Exercise objective: When you repeat the records, keep every word exact and drop each picture.

Dataset records:
══════════════════════════════
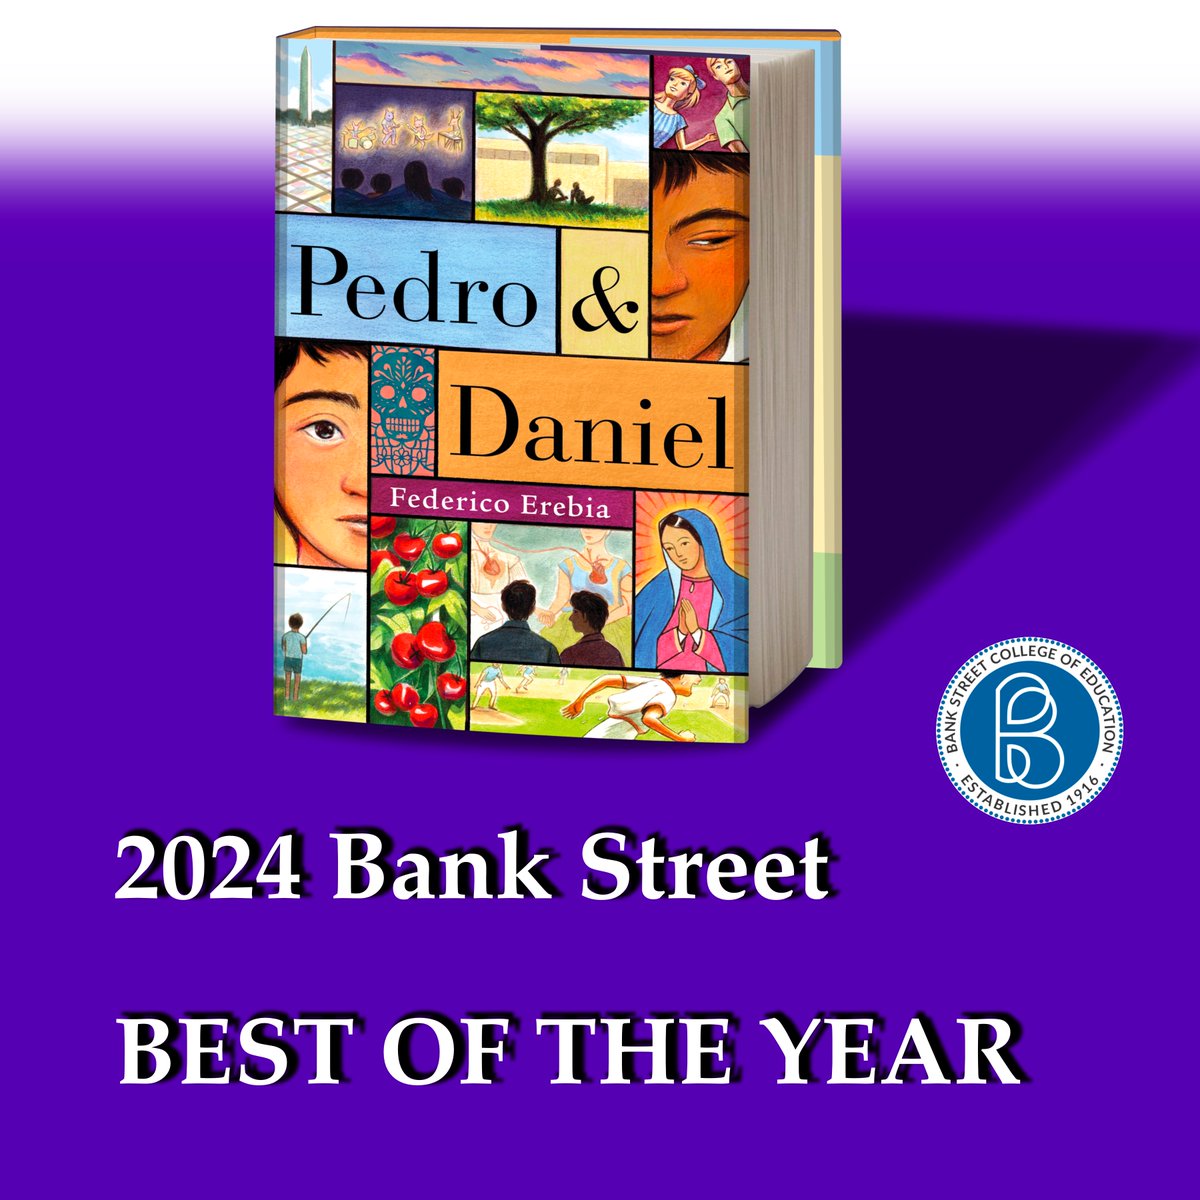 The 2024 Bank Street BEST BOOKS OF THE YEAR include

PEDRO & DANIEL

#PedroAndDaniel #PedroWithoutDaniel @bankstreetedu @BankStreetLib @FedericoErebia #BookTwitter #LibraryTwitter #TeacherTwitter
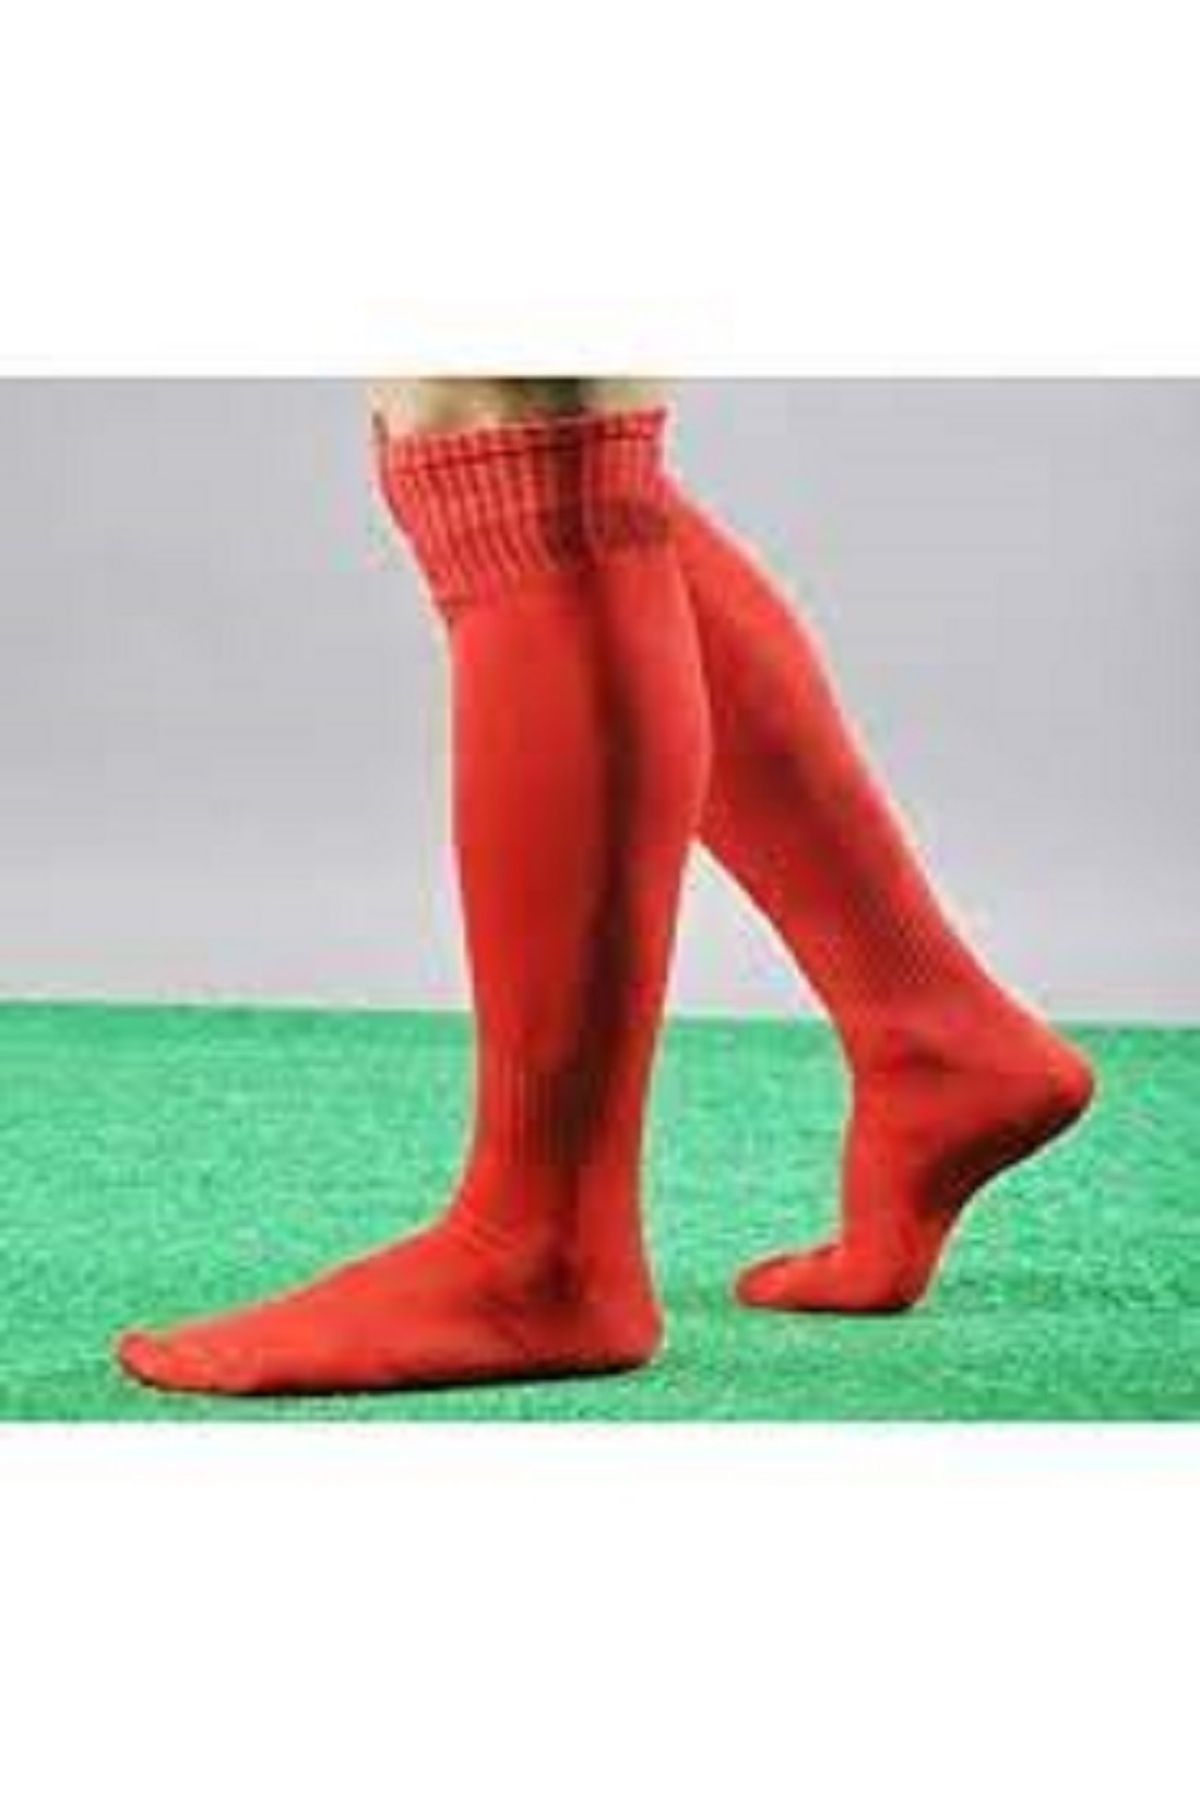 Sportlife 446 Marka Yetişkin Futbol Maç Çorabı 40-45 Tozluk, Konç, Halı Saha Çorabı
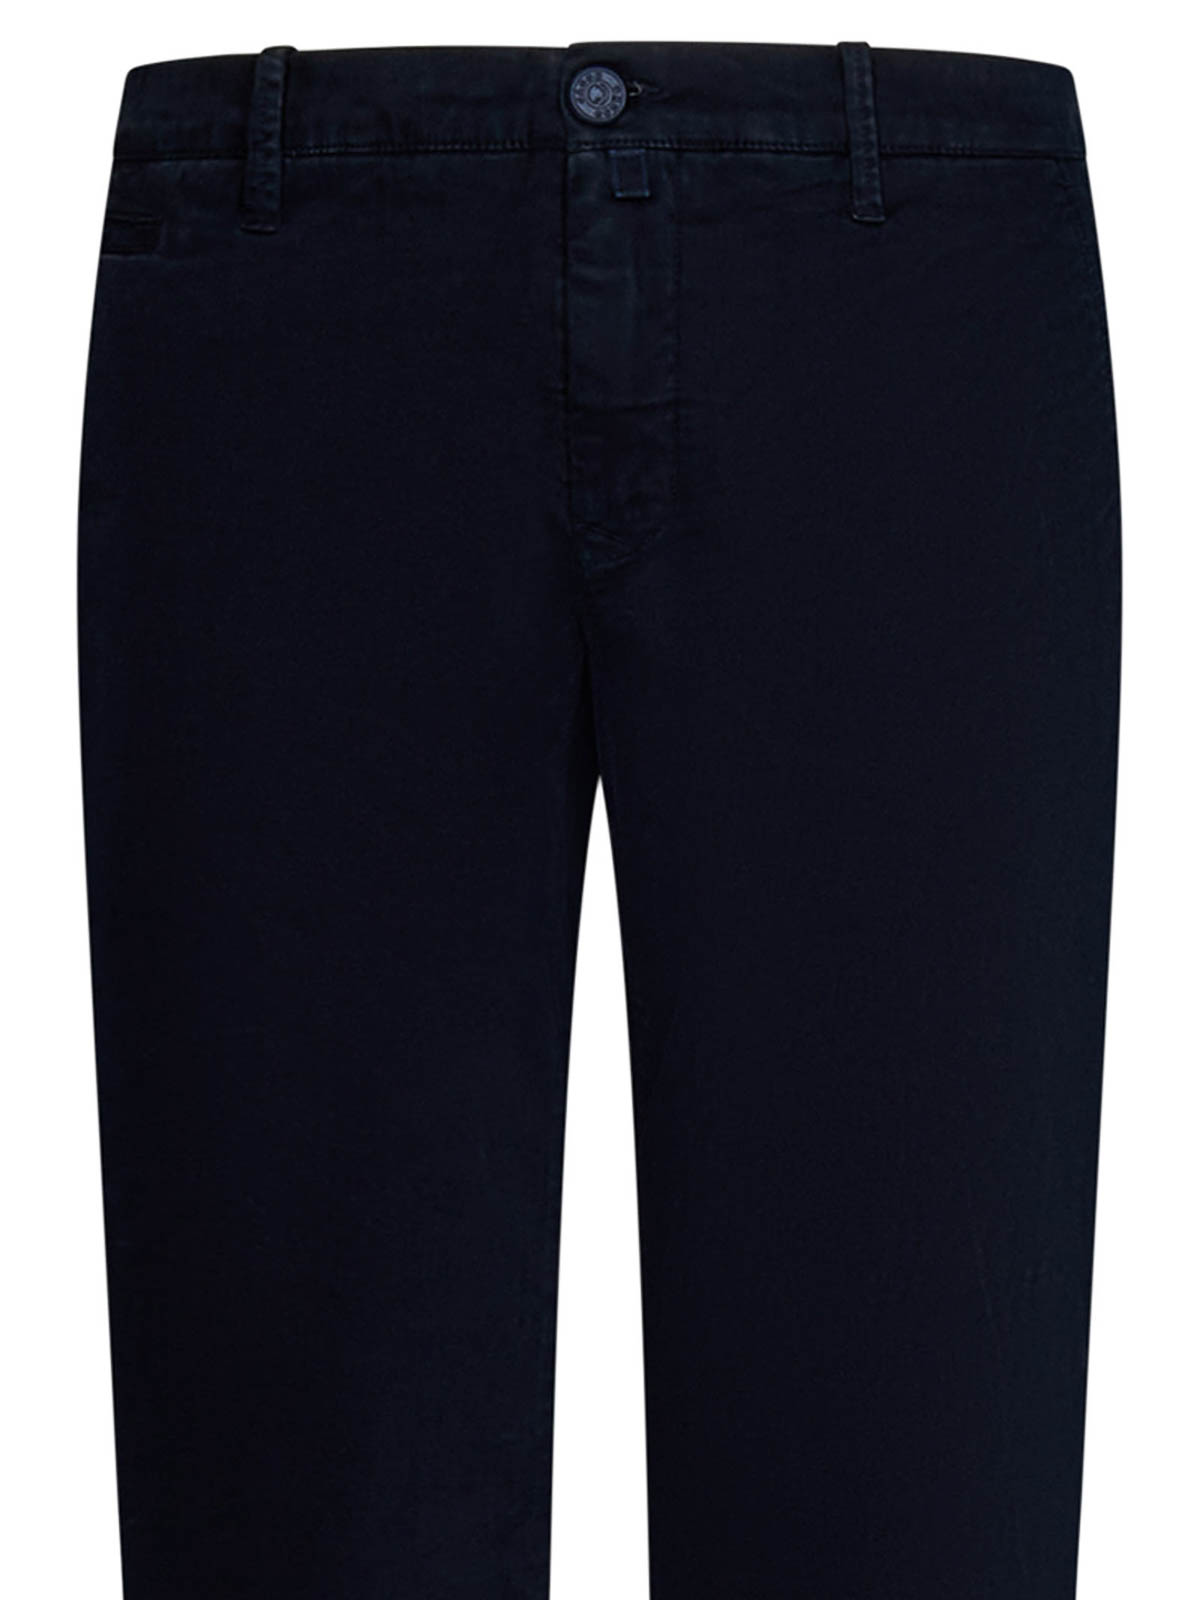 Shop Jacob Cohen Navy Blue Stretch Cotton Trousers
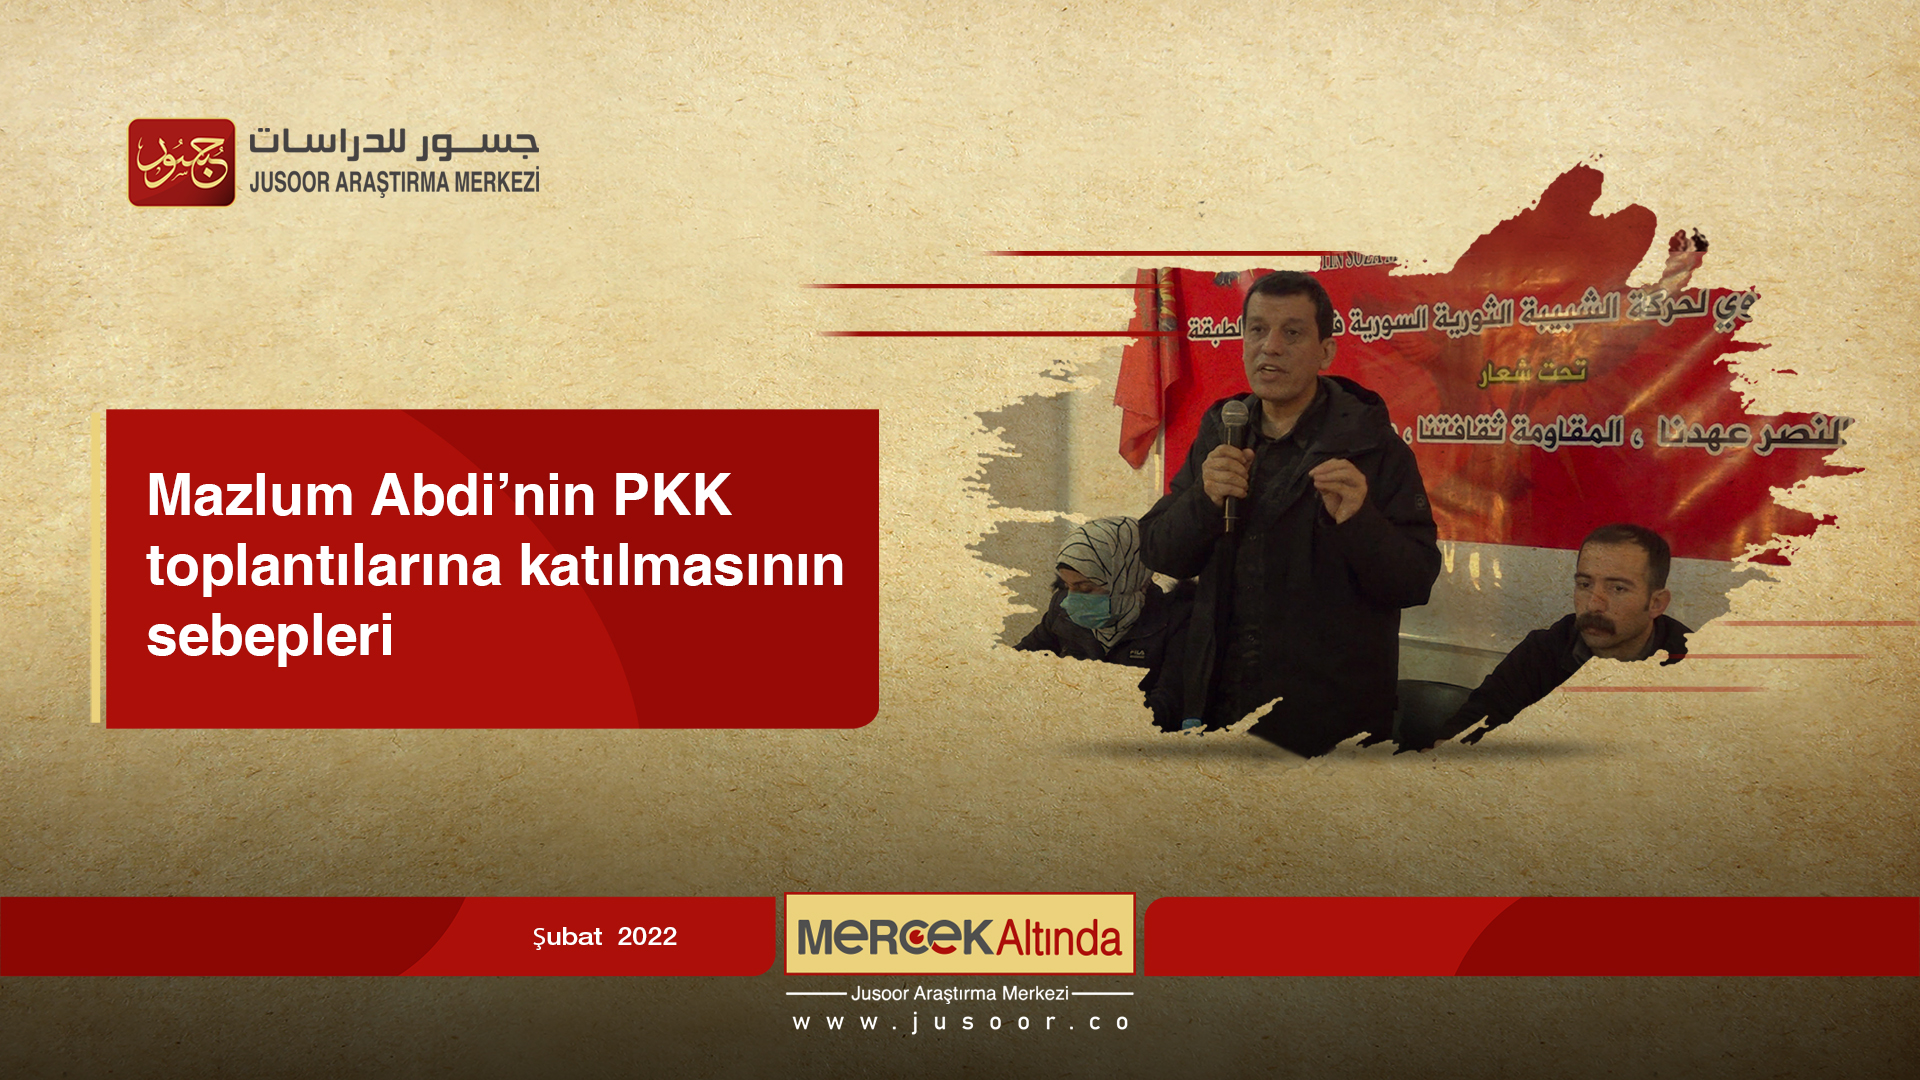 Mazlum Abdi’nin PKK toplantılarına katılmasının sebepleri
══════════════════════════════
Your solution:
 The 2024 Bank Street BEST BOOKS OF THE YEAR include

PEDRO & DANIEL

#PedroAndDaniel #PedroWithoutDaniel @bankstreetedu @BankStreetLib @FedericoErebia #BookTwitter #LibraryTwitter #TeacherTwitter
 Sportlife 446 Marka Yetişkin Futbol Maç Çorabı 40-45 Tozluk, Konç, Halı Saha Çorabı
 Shop Jacob Cohen Navy Blue Stretch Cotton Trousers
 Mazlum Abdi’nin PKK toplantılarına katılmasının sebepleri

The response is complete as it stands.